Eigenlijk wil ik niets anders dan zaken van levensbetekenis opnieuw doordenken en formuleren, gezien vanuit mijn situatie en in een taal die mij past. Dat hoeft niets nieuws te zijn. Een bescheiden project dus: gevolg geven aan mijn passie voor waarheid, als pad, om een bloeiend leven te leiden. Als ik in dat onderzoek stuit op een filosofie waarin ik me geheel kan vinden, prima. Ik hoef niet zonodig te scoren met een originele visie. En als ik zo’n filosofie niet vind, dan zal ik haar zelf formuleren.


Kan gewaarzijn langs filosofische weg worden voortgebracht of bevorderd?
Voortbrengen waarschijnlijk niet, omdat gewaarzijn geen vorm van denken is, maar een gebeuren voorbij denken, of eraan voorafgaand. Bevorderen misschien wel. Hoe?


Staat gewaarzijn apart van bewustzijn, of hoort het thuis in het rijtje van beleving, bewustzijn, zelfbewustzijn, kritisch bewustzijn, ironisch bewustzijn en humor? In het laatste geval zou gewaarzijn ook kunnen worden aangeduid als ‘getuigenbewustzijn’.


Ontnuchterende waarheid: een liefdesrelatie zal je nooit voor honderd procent gelukkig kunnen maken, en het is dus een dwaasheid om dat ervan te verwachten.


Van welke ontwikkeling is de menselijke geschiedenis het verhaal? Of valt er zo’n ontwikkeling niet te detecteren en is de geschiedenis niet meer dan een toevallige samenloop van omstandigheden?





.

Saturday, September 1, 2012

Week 35, 2012

.




Kopfmenschen. Het is mogelijk ook aan bewustzijn verslaafd te raken, door mateloos bezig te zijn met denken, schrijven, lezen of studie. Met als meest recente variant: sociale media en internetspellen. Wat zij gemeenschappelijk hebben, is dat we louter in het hoofd zitten, met ogen en handen als voornaamste bedienden; de rest van het lichaam blijft onbetrokken en onbewogen.


ICT is de veruiterlijking van menselijk bewustzijn. De geest, onze denktaligheid, is vlees geworden, in de vorm van computers, internet en mobiele communicatie. In gereedschap en machines veruiterlijkten we reeds tal van lichamelijke functies en vergrootten de effectiviteit en actieradius ervan. ICT is van een andere orde, omdat het niet meer louter om lichamelijke functies gaat; zij is de vertaling in een apparaat van de werkzaamheid van het brein, en met groot succes. En met een oneindig bereik: de aarde heeft er een sfeer bij, de noëtische, een wereldomspannend artificieel brein.
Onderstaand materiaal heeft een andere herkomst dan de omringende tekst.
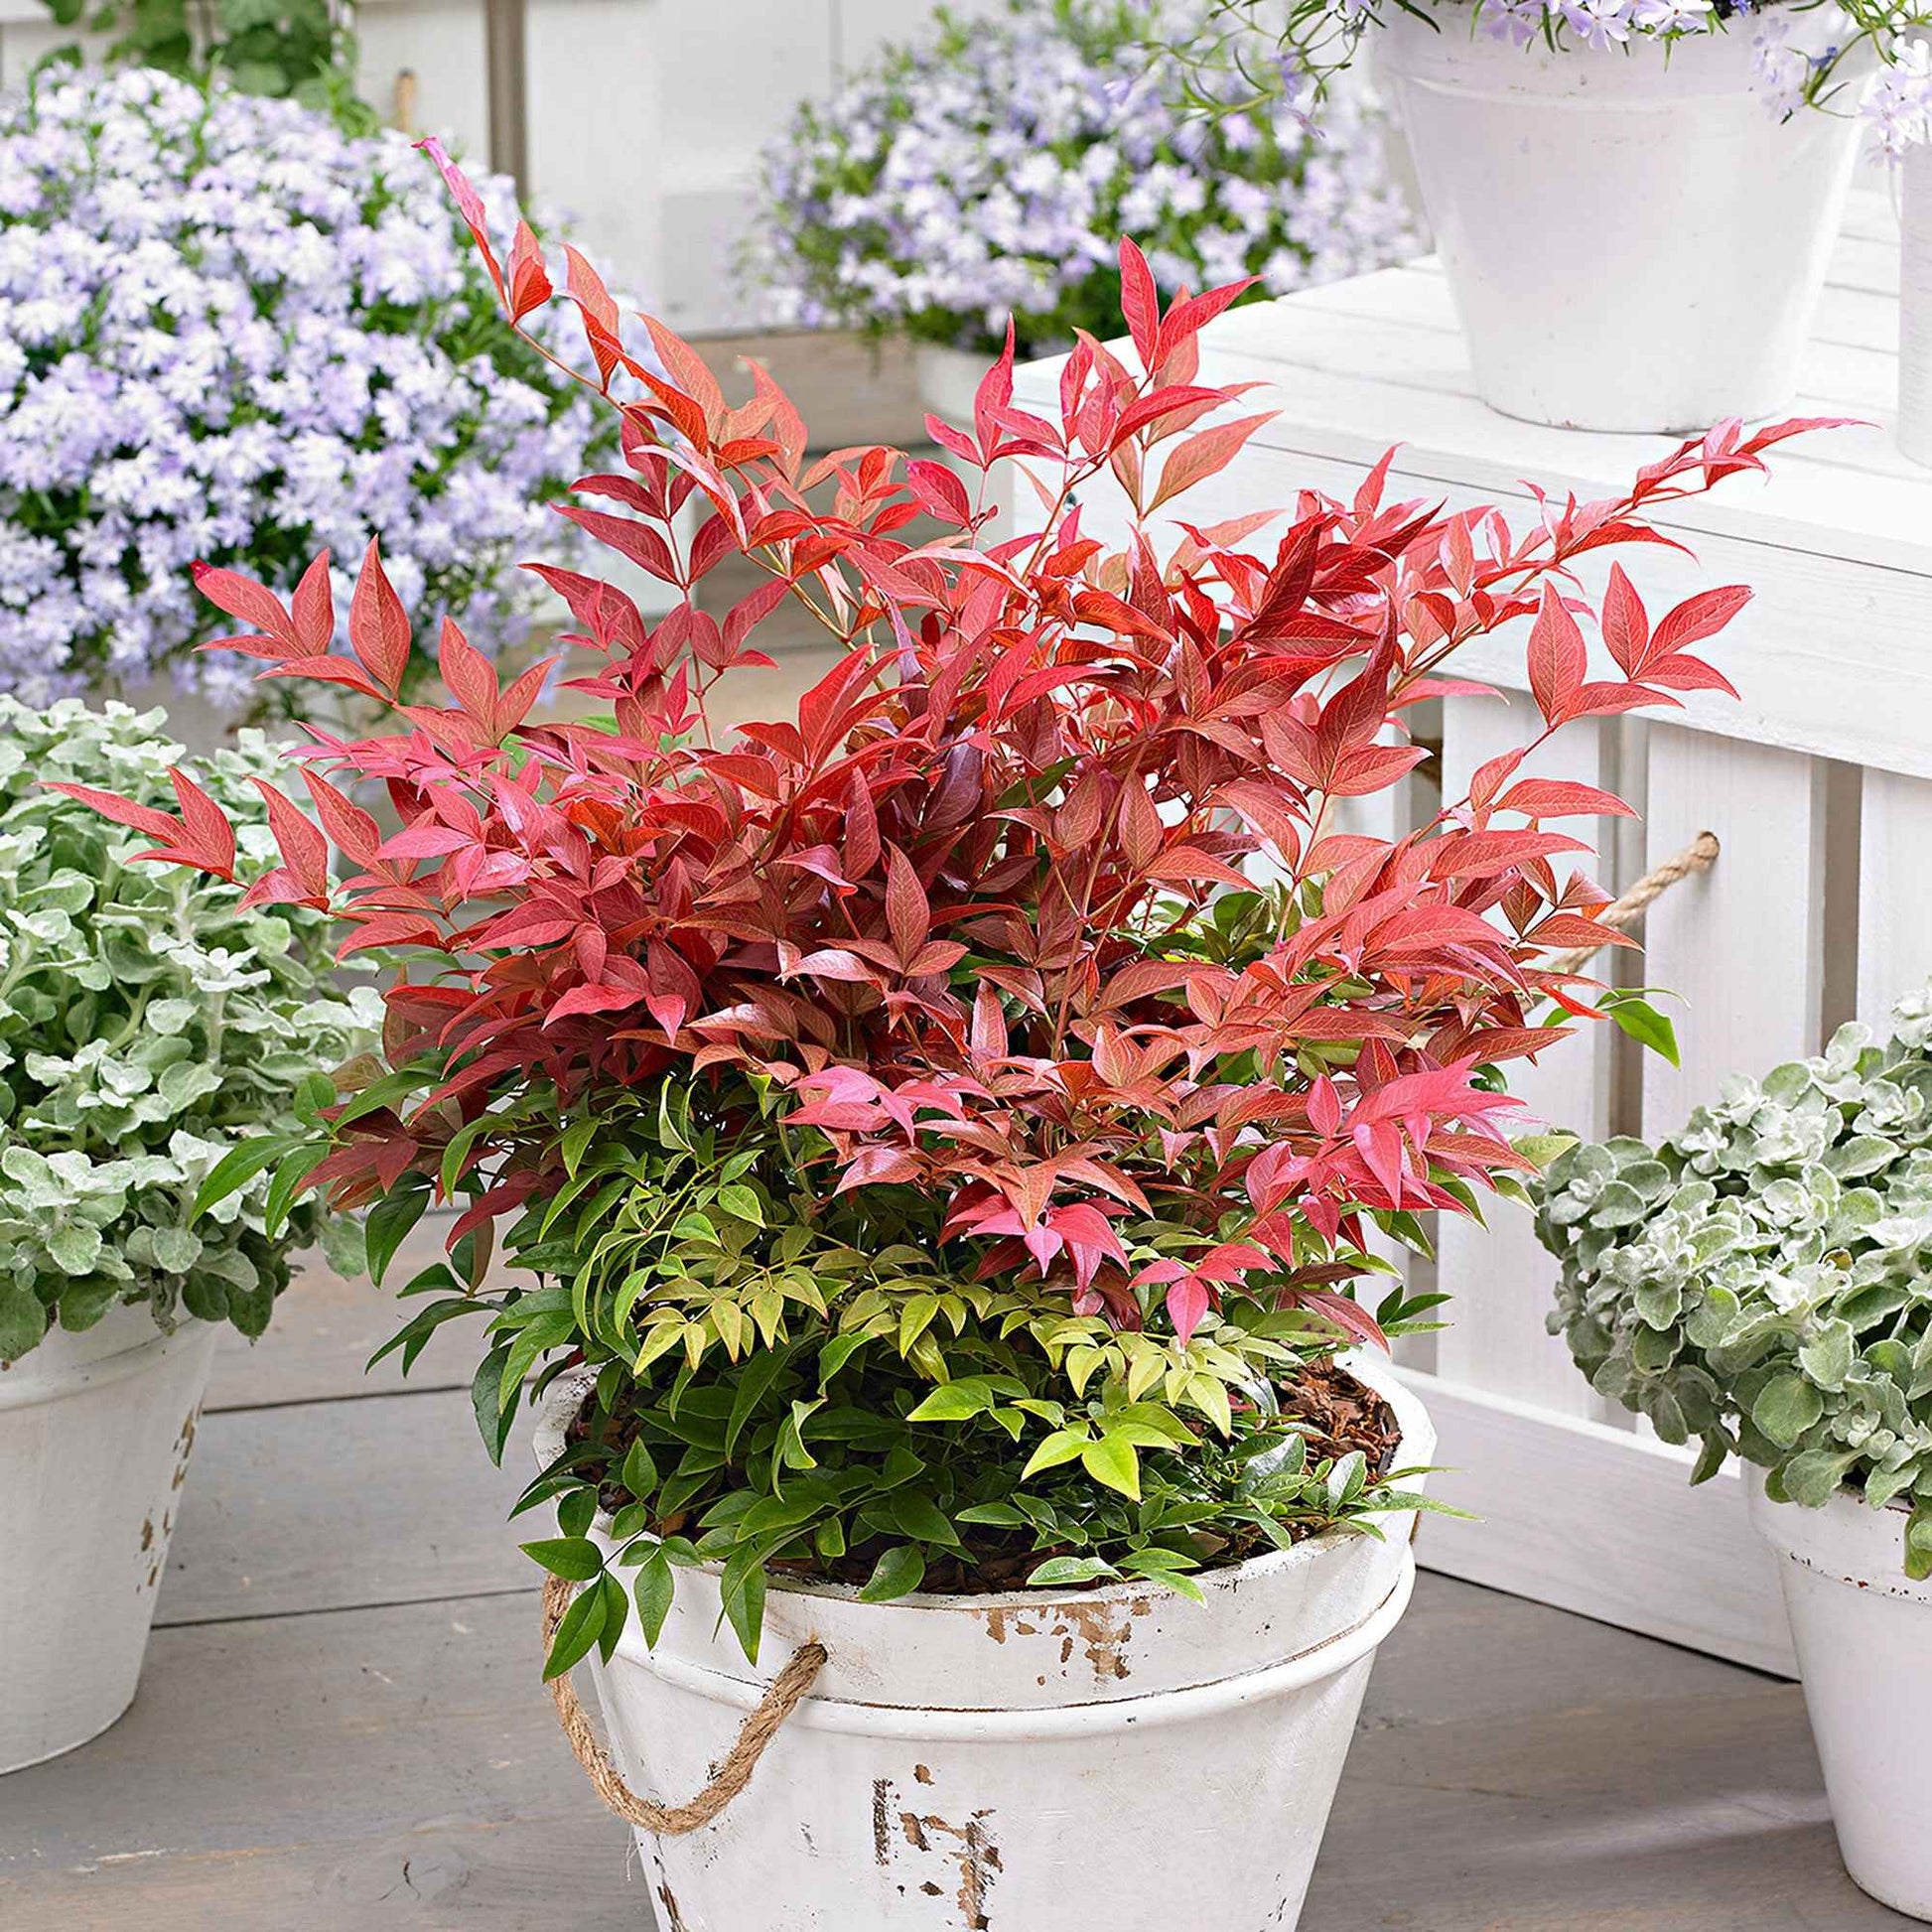 Himmelsbambus 'Obsessed' - Nandina domestica obsessed'® - Sträucher

Is de ICT-revolutie bezig ons menszijn te veranderen? Zullen we een ander soort mens worden, onherkenbaar voor eerdere generaties? Of zal de ICT slechts de oorzaak blijken van een explosie aan mogelijkheden, niet alleen in communicatie, maar op alle mogelijke gebieden, terwijl we als mens buiten schot blijven? Moeilijk voor te stellen dat dit laatste het geval zal zijn. En wat is dan ‘menszijn’? Zeker is dat de menselijke conditie bezig is zich diepgaand te wijzigen. Onze wereld is een andere aan het worden, met gevolgen voor hoe wij ons vormen, oriënteren en organiseren. Anders gezegd: Hoezeer zal deze verandering ons dwingen tot herdefinitie van onszelf en van zaken die voor menszijn van levensbelang zijn?


Publication oblige. Openbaar maken om mezelf er maximaal mee te confronteren, zodat ik er niet omheen kan.






.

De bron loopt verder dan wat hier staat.